Ag Pleez Deddy | |
Type: | single |
Artist: | Jeremy Taylor |
B-Side: | Jo'burg Talking Blues |
Released: | 1962 |
Genre: | Folk, children's |
Label: | Gallotone PD 7-8531 |
"Ag Pleez Deddy" (also known as "The Ballad of the Southern Suburbs") is a South African song written and recorded by Jeremy Taylor, and released in 1962.[1] [2] It was written for the stage show Wait a Minim!, and has been described as the musical's "showpiece".[3] It provides a light-hearted insight into the lives of young white working-class South Africans, whose outlook has absorbed both English-language and Afrikaans influences, along with a fascination with consumer culture. On the surface a children's song, it became broadly popular.
The song was penned in "South African creole English", the vernacular of young, English-speaking South Africans, with liberal sprinklings of Afrikaans words and phrases. The language was that of Taylor's students, to whom he taught Latin in the southern suburbs of Johannesburg. The lyrics are full of references to places, brands and entertainment popular among working-class white South Africans.
In the first four verses, a boy pesters his father to take him and his numerous friends to the drive-in theatre, the funfair, a wrestling match (between the Canadian Ski Hi Lee and the South African Willie Liebenberg), and finally to a distant beach in Durban, with a chorus chanting: "Popcorn, chewing gum, peanuts and bubblegum". The father remains silent until the abortive fifth verse, when he retorts "Voetsek!" ("Clear off!"). When the song resumes, the boy complains that, since his father won't take him out for amusements, he will have to entertain himself by beating up the boys (moer all the outjies) next door.
The single, described as "insightful", and a "fond classic", became a cause célèbre in South Africa, Rhodesia, Kenya, and Mozambique.[4] It sold more copies in South Africa than any single by Elvis Presley, as well as outselling any previous domestic single.[5] The success of the song led to the popularity and acceptability of political satire in South Africa during later decades.
The song aroused significant controversy, with many Afrikaners unhappy about the mixing of Afrikaans and English in the lyrics, and its "far-from-flattering" representation of working-class whites, although some praised it for its "gutsiness". It was banned from airplay by the South African Broadcasting Corporation, who considered that it violated the principles of apartheid. As Taylor later commented, "The whole concept of separateness applied also to the concept of keeping English and Afrikaans apart, and they wanted the English to be pure English and the Afrikaans to be pure Afrikaans. Then Ag Pleez Deddy comes along, like a mongrel, a bloody street cur. They couldn't stand it."[6]
Post-apartheid, the song was described as "vulgar and base, revealing the raw side of South Africans in all their humour",[7] and "a liberating anthem for hitherto doomed anglophone youth". Gillian Slovo wrote that the song is very familiar with white South Africans who grew up during the apartheid era, saying, "We loved the song's words, the demands of insatiable childhood for zoos and aquariums."[8]

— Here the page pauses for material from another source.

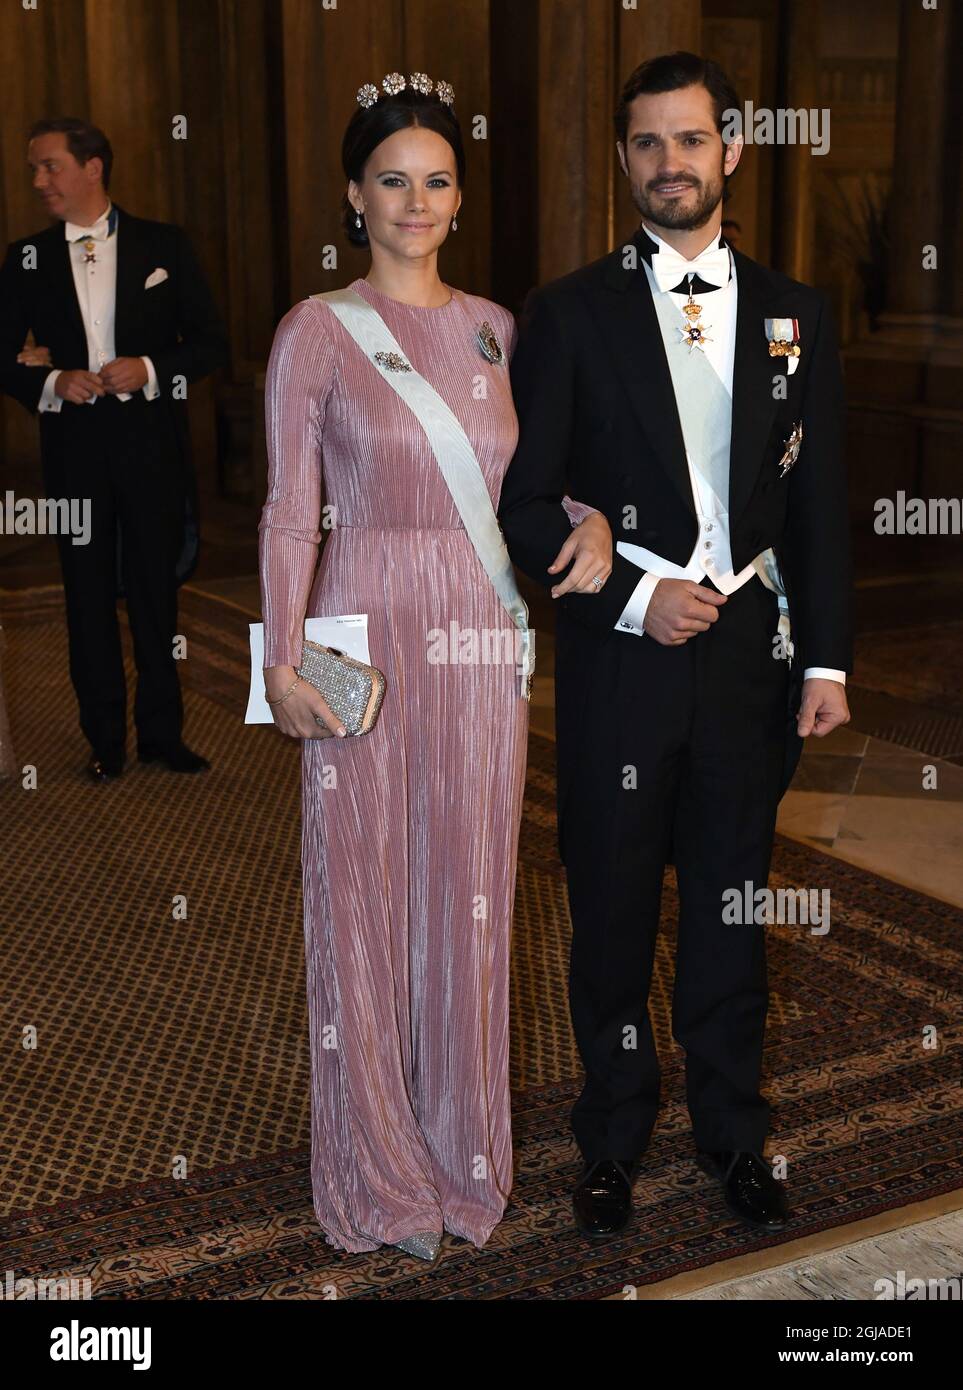 STOCKHOLM 2016-12-11 Princess Sofia and Prince Carl Philip arrive to the  Swedish King and Queen's dinner for the Nobel laureates at the Royal Palace  in Stockholm, Sweden, December 11, 2016. Photo: Jessica

In the longer term, another controversial element of the song proved to be its mention of "Nigger balls". These were a type of gobstopper, and were included in the list of consumer products coveted by the youths, alongside "liquorice, Pepsi-Cola, ginger beer and Canada Dry". Outside this context, the word "nigger" was not widely used in South Africa at the time, or considered unduly offensive; but it was growing increasingly controversial in the United States, and in subsequent years became effectively taboo in all Anglophone countries. When A New Book of South African Verse in English was published by Oxford University Press in 1979, edited by Guy Butler and Chris Main, the lyrics of "Ag Pleez Deddy" were included but the offending words were altered to "acid-drops", without Taylor's authority and to his great annoyance.[6] [9] However, Taylor himself, when later singing the song in the United States, substituted the term "sugar balls".[10]